In a movie that affectionately juxtaposes Dungeons & Dragons with Weekend at Bernie’s, Onward is really a story about yearning. Ian wants so much just to talk to his father, who died too early for him to have any real memories. He finds comfort in engaging in a one-sided telephone conversation his dad recorded on an old cassette tape. He’s driven, not because he misses his father, but because he’s never made memories with him at all. How do you miss someone you’ve never met?
There’s a whole list of father-son moments Ian wants to cross off, and he’s racing against the clock.
In some abstract way, so am I. For 28 years my father was in and out of my life. He was never truly gone, but when your parents divorce before you’re in the first grade, it’s easy to take the precious time you do spend with them for granted. There’s a disconnect, an empty space when you don’t see the person who is your father be affectionate toward the person who is your mother. Instead, I grew up playing Pokemon in the backseat of strange women’s cars whenever I had a weekend with pops.
I haven’t seen or heard from any of those women since my dad was admitted to the hospital. And out of nowhere, I’m also up against a ticking clock, wrestling with potentially imminent loss and there’s no magic spell I know of that can stop it.
Onward is a very good movie, easily one of Disney/Pixar’s best since 2017’s Coco. However, I found it missing the same majesty of Coco, a sweeping tale about the complexly woven world of art, culture, and family (it rendered me a blubbering mess by the time “Remember Me” is sung). Onward shares some of the same ideas as Coco, but the fantastical setting doesn’t imbue it with the same significance as Coco’s immersion in Mexican cultural tradition.
Pratt’s Barley is obsessed with the magical heritage the rest of the world has forgotten, and he’s dismissed as a kook by everyone else for trying to preserve that history. It’s an admirable character trait, but because it’s a history that 1) never existed, and 2) has never been subject to imperial erasure, it’s hard to be completely sold on Onward’s messages of cultural preservation.
Thankfully, it’s in Onward’s emotional intimacy between two brothers and their father where the Pixar movie soars with some of the movie’s best. Stories about accepting family and never taking them for granted are Pixar’s sweet spot. (Toy Story, Finding Nemo, The Incredibles, Up...)
Seeing Dungeons & Dragons through the Disney filter is also a treat. Onward takes place in its own setting, but it borrows enough D&D elements wholesale that Wizards of the Coast gets a big shout out in the credits.
Even if you’ve never rolled a d20 you’ll still “get” the movie’s toying with expectations.
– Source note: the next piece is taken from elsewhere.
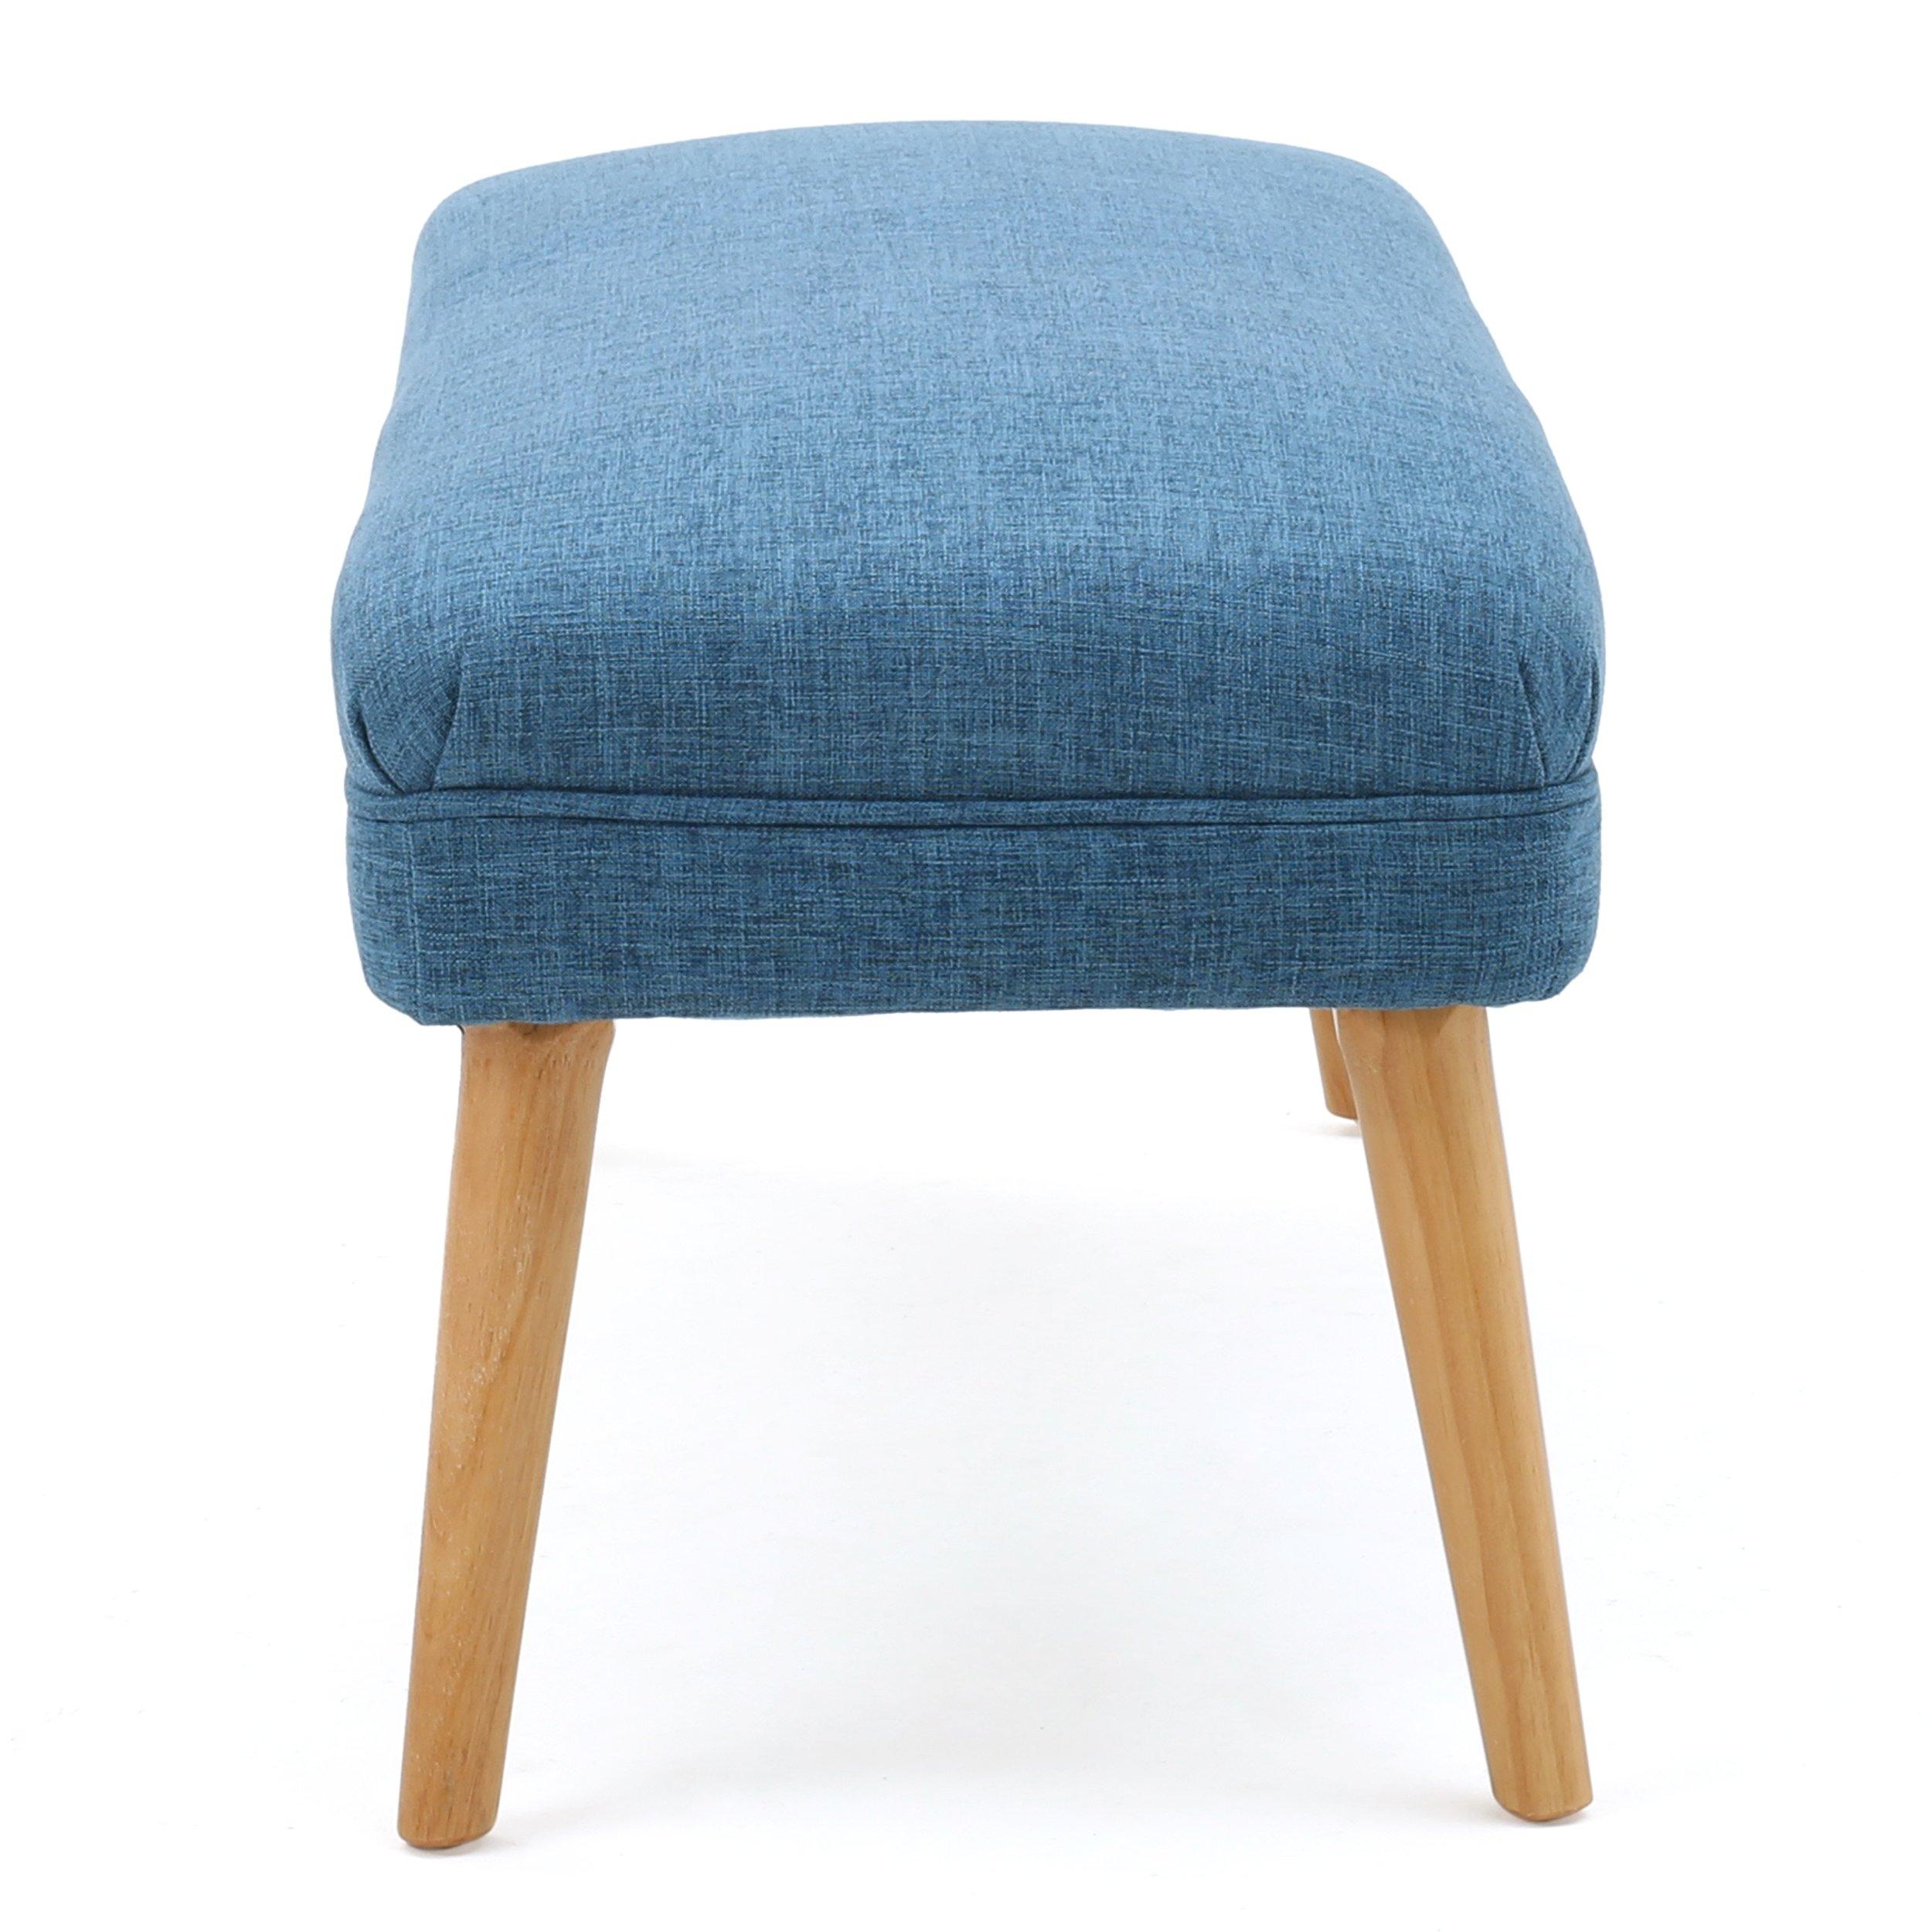 Dumont Mid Century Modern Fabric Ottoman (Blue) by GDF Studio (Image #3)

The gritty tavern run by a mythical Manticore, where all adventures begin, is now basically an Applebee’s; fairies move in packs of biker gangs; our heroes' noble steed is a crumbling van; weapons are bought at seedy pawnshops; and the local high school mascot is, you guessed it, the Dragons. The fun of this is all the richer if you’ve slayed an owlbear or two, but it’s not necessary.
Onward is another winner in the canon of Disney and Pixar. Tender and warm, funny and sweet, and yes, even heartbreaking, Onward is a fresh take on familiar fantasy storytelling with clever twists and a few heart-thumping thrills.
Can you miss somebody who was never really in your life? There’s an answer in Onward, I’m just replaying the movie in my head to finally find it.
Either way, I just know I have to see my dad.
Onward opens in theaters on March 6.